Я стала пересказывать статью Коллонтай.
Она перебивала, дополняла и под конец, увлекшись, уже говорила одна.
С ее слов, выходило, что „женский вопрос“ – это не о женщинах вообще, а о полном пересмотре отношений между полами, вопрос будущего страны, вопрос построения коммунизма. Без ликвидации буржуазного института семьи коммунизм построить невозможно. Она обильно цитировала Ленина, Маркса, Энгельса, Бебеля, и все выходило так, что нам надо срочно создавать коммуны, в которых все будет общим, мужчины и женщины станут свободно сходиться вместе на час или на год и так же свободно расходиться, находить себе других сердечных друзей, а рождающиеся от таких свободных отношений дети будут расти и развиваться отдельно от биологических родителей под руководством и опекой специалистов.
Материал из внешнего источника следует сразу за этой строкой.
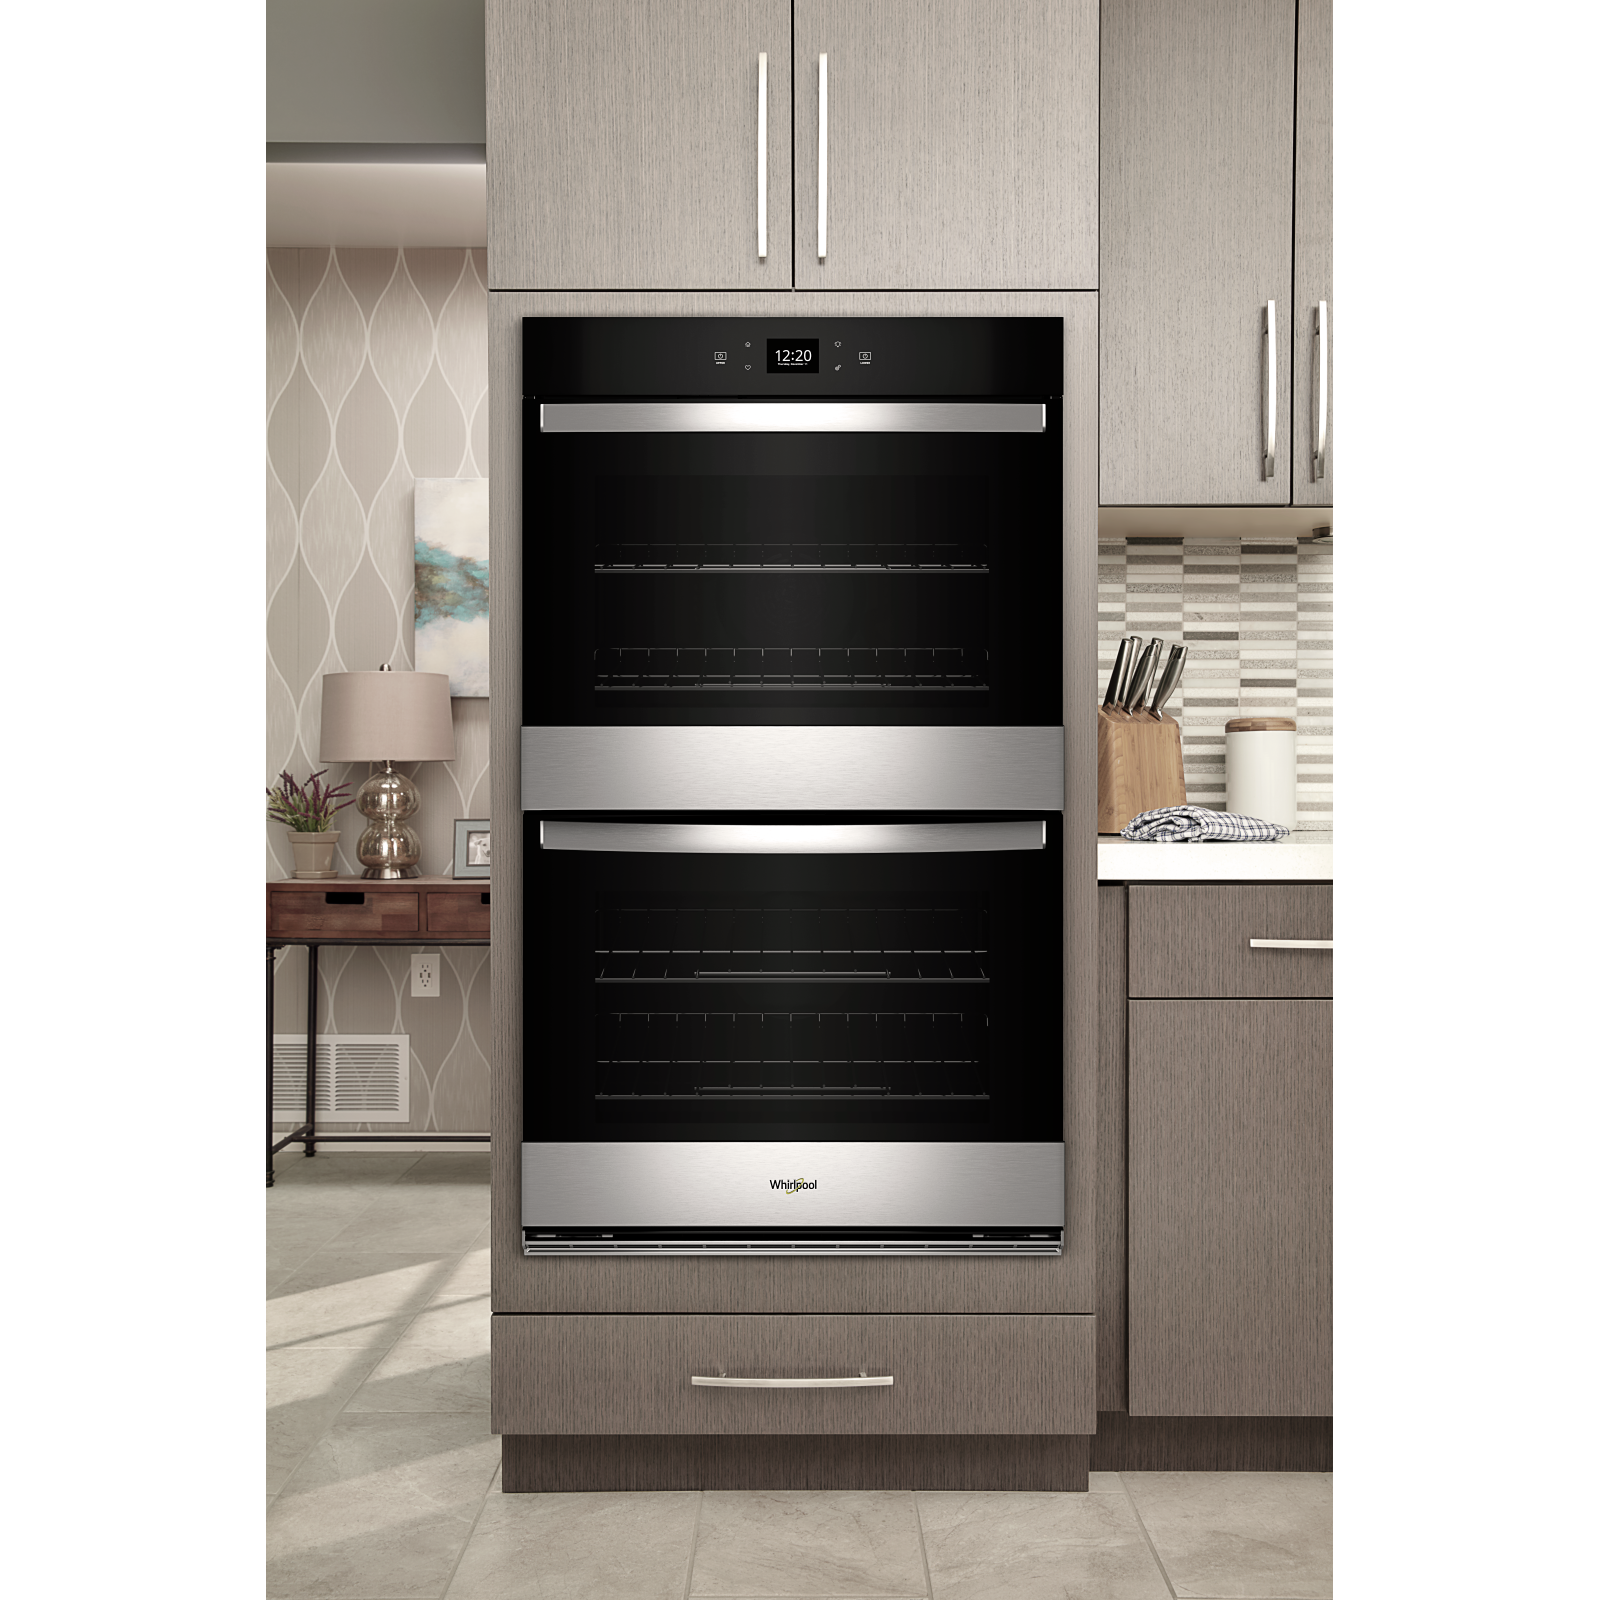 Whirlpool - 8.6 cu. ft Double Wall Oven in Stainless - WOED5027LZ
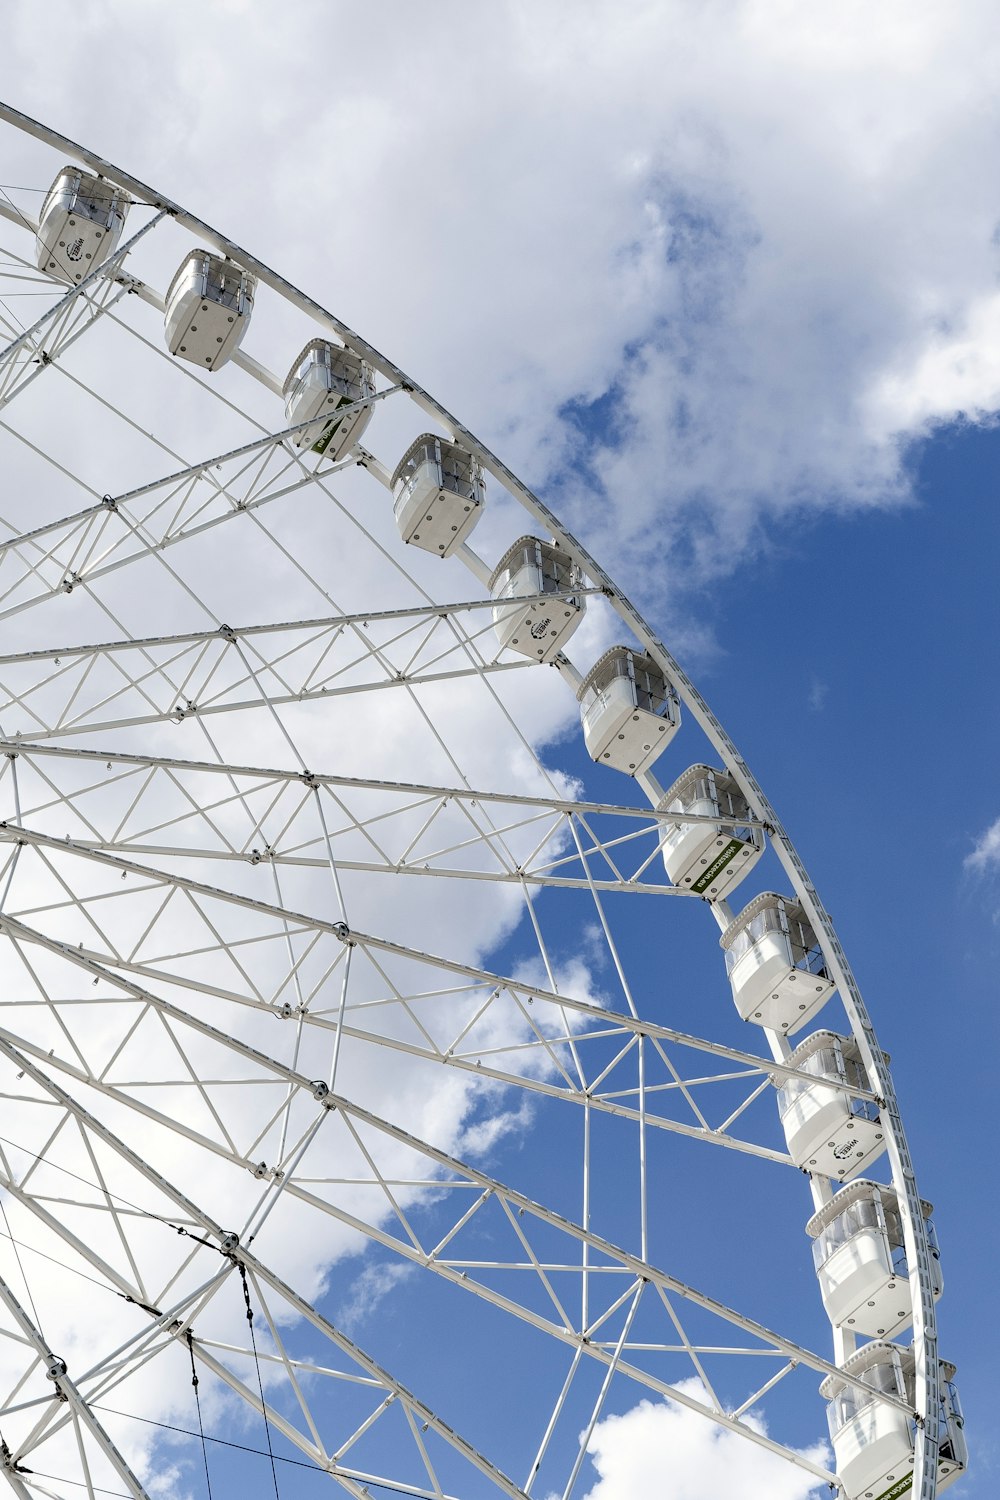 a large white ferris wheel on a cloudy day

– „Коммунистическое общество – значит, все общее: земля, фабрики, общий труд“, – процитировала она Ленина, и пояснила: – Согласно ленинским заветам, к 1940 году13 мы должны построить коммунизм, превратить страну в единую трудовую коммуну. Вот в чем суть „женского вопроса“! Поняла?
– Надо подумать, – ответила я и опустила глаза.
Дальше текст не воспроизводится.